Жизнь в далекой стране манила его неотразимостью новизны. Мало того, что он бросит опостылевший ему дом, покинет Польшу, расстанется с жалкими буднями кассира — он оставит здесь еще самого себя: содрогаясь, он извергнет из своего нутра мертвую куклу, смердящее отрепье прошлого. В единый миг снято будет с него проклятие судьбы, возродится новый человек, вернется чудо молодости, жажда жизни, ясная свободная мысль. Сердце забьется от радости, в душе оживет красота, благородство и добро, шире вздохнет грудь, наслаждаясь благословенным неведомым покоем…

Плыли через его руки деньги, и шепот их был для него отравой и соблазном. Труд кассира казался ему самой позорной из всех форм рабства. Думая о своих облеченных доверием товарищах по профессии, окунающих руку в чужое богатство, он вспоминал мрачный эпизод из «Саламбо». Гамилькар осматривает залы и мастерские своего дворца и доходит в конце концов до мельниц. Там, в мучной пыли, нагие изголодавшиеся рабы вращают огромный жернов, на рты им надеты намордники, чтоб они не могли съесть, даже украдкой, горсть муки, в которой бредут по колено…

Это видение преследовало его неустанно, распаляя, дразня, побуждая к действию, с каждым днем все сильнее и сильнее, подавляя предрассудки, привитые смолоду принципы морали, убеждения.
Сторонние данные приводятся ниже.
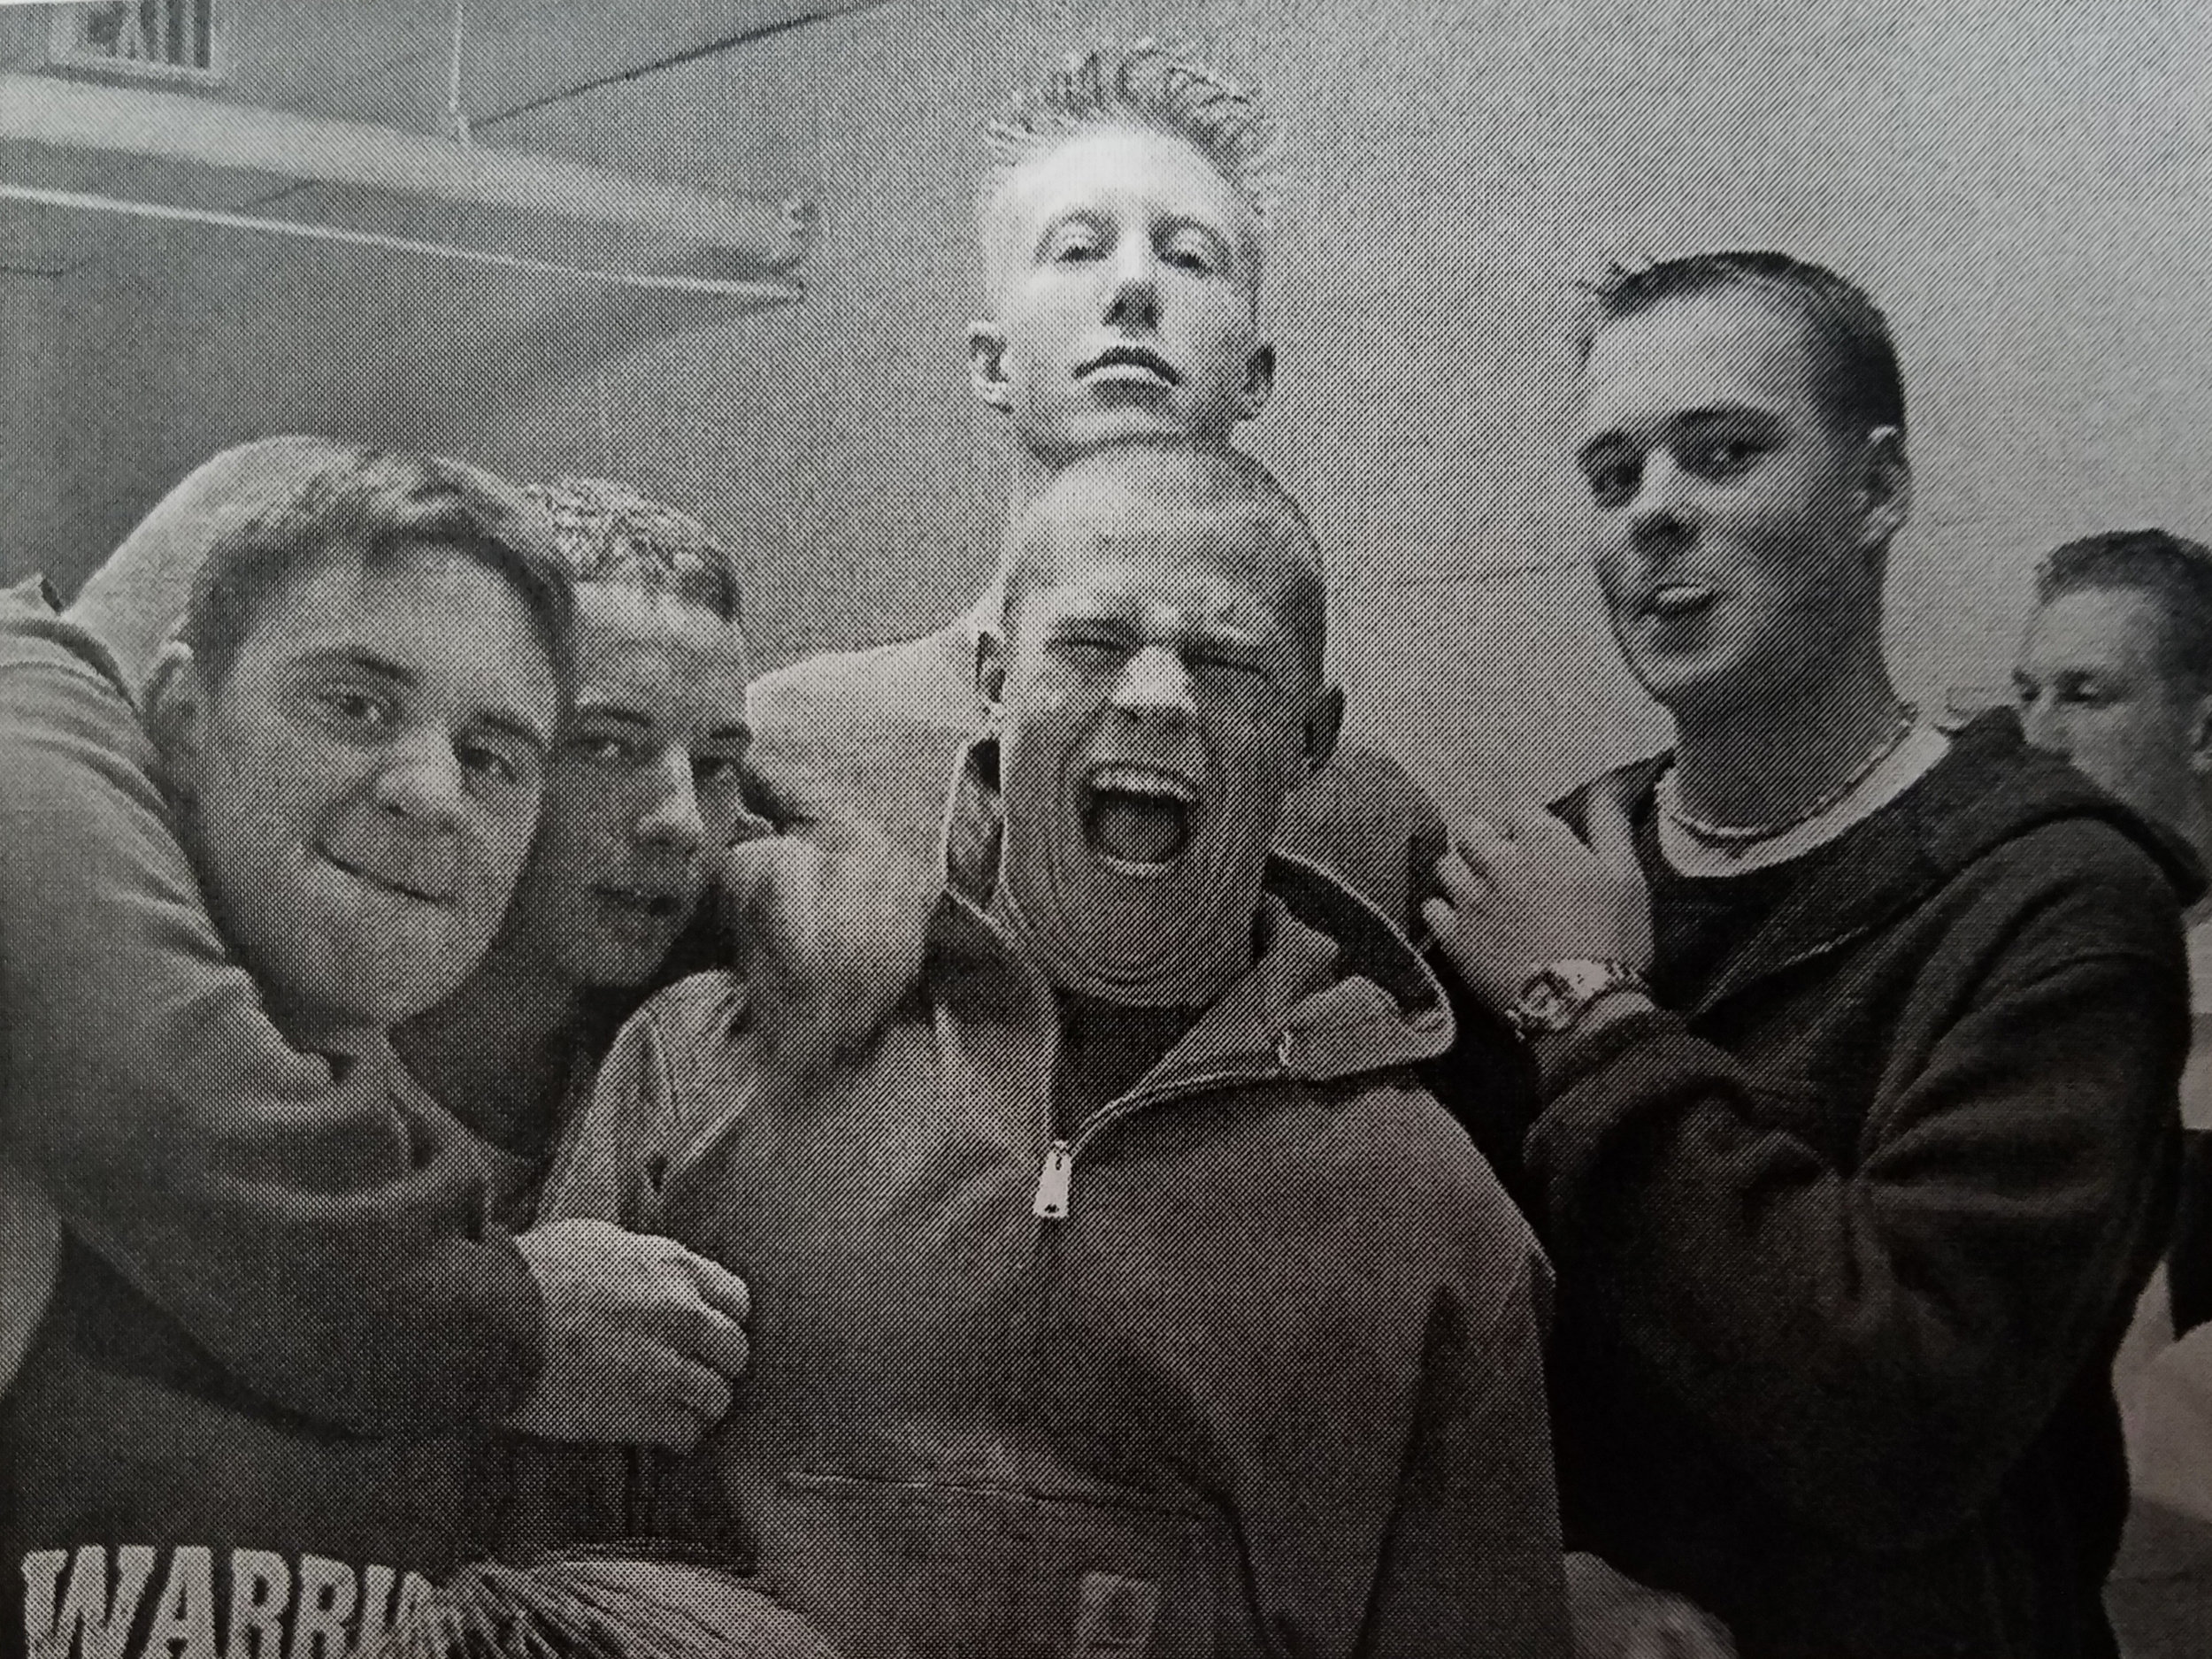 The Warriors basketball varsity team celebrates a win, ca. 2000
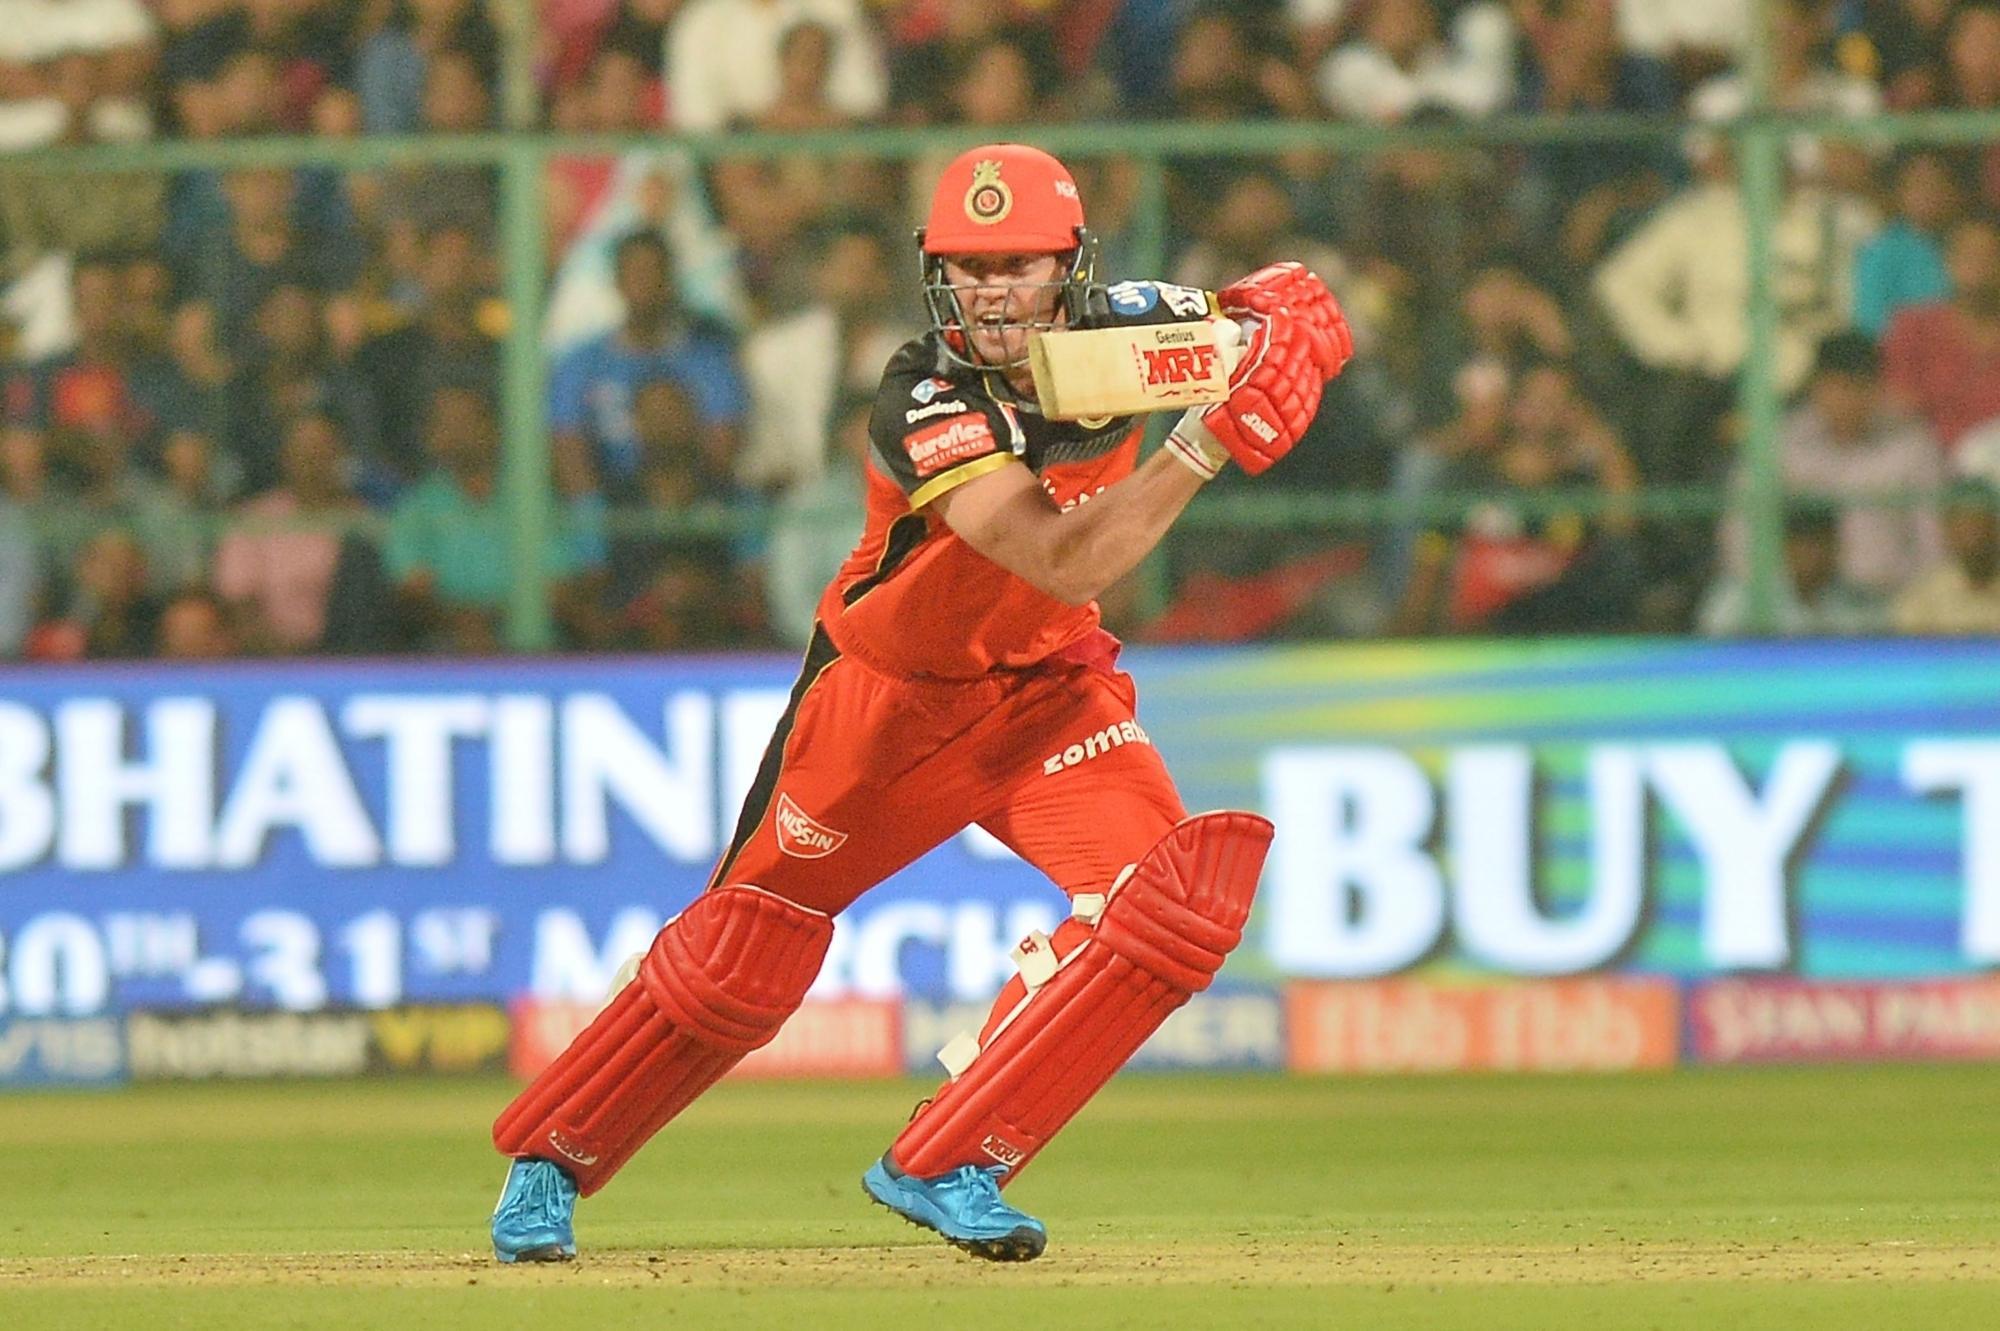 AB de Villiers played a brilliant knock of 70* runs off 41 balls against Mumbai Indians (photo - IANS)

Кое-что, впрочем, сохранилось. Но и это исчезло в последнее время — в лучезарную эпоху независимой Польши. Ушедший в свой собственный мирок, огражденный от жизни отшельник даже не заметил политических перемен, для него все оставалось по-прежнему.


Зато он подметил в первые же годы независимости необычные перемены в делах хорошо знакомых, на которые уже много лет подряд взирал из окошечка своей кассы. Иллюзий у него не было, он всегда представлял себе, что такое банк, кому и чему он служит, каковы его интересы, операции и закулисные делишки. Но то, что стало твориться в банках на следующий же день после начала мировой войны, на так называемой заре независимости, было для него неслыханной, недопустимой по бесстыдству подлостью. Прекратились все кредитные операции. Быстро пришли в забвение обычные методы, привычки, нормы. Банк потерял последнюю связь с хозяйственной жизнью.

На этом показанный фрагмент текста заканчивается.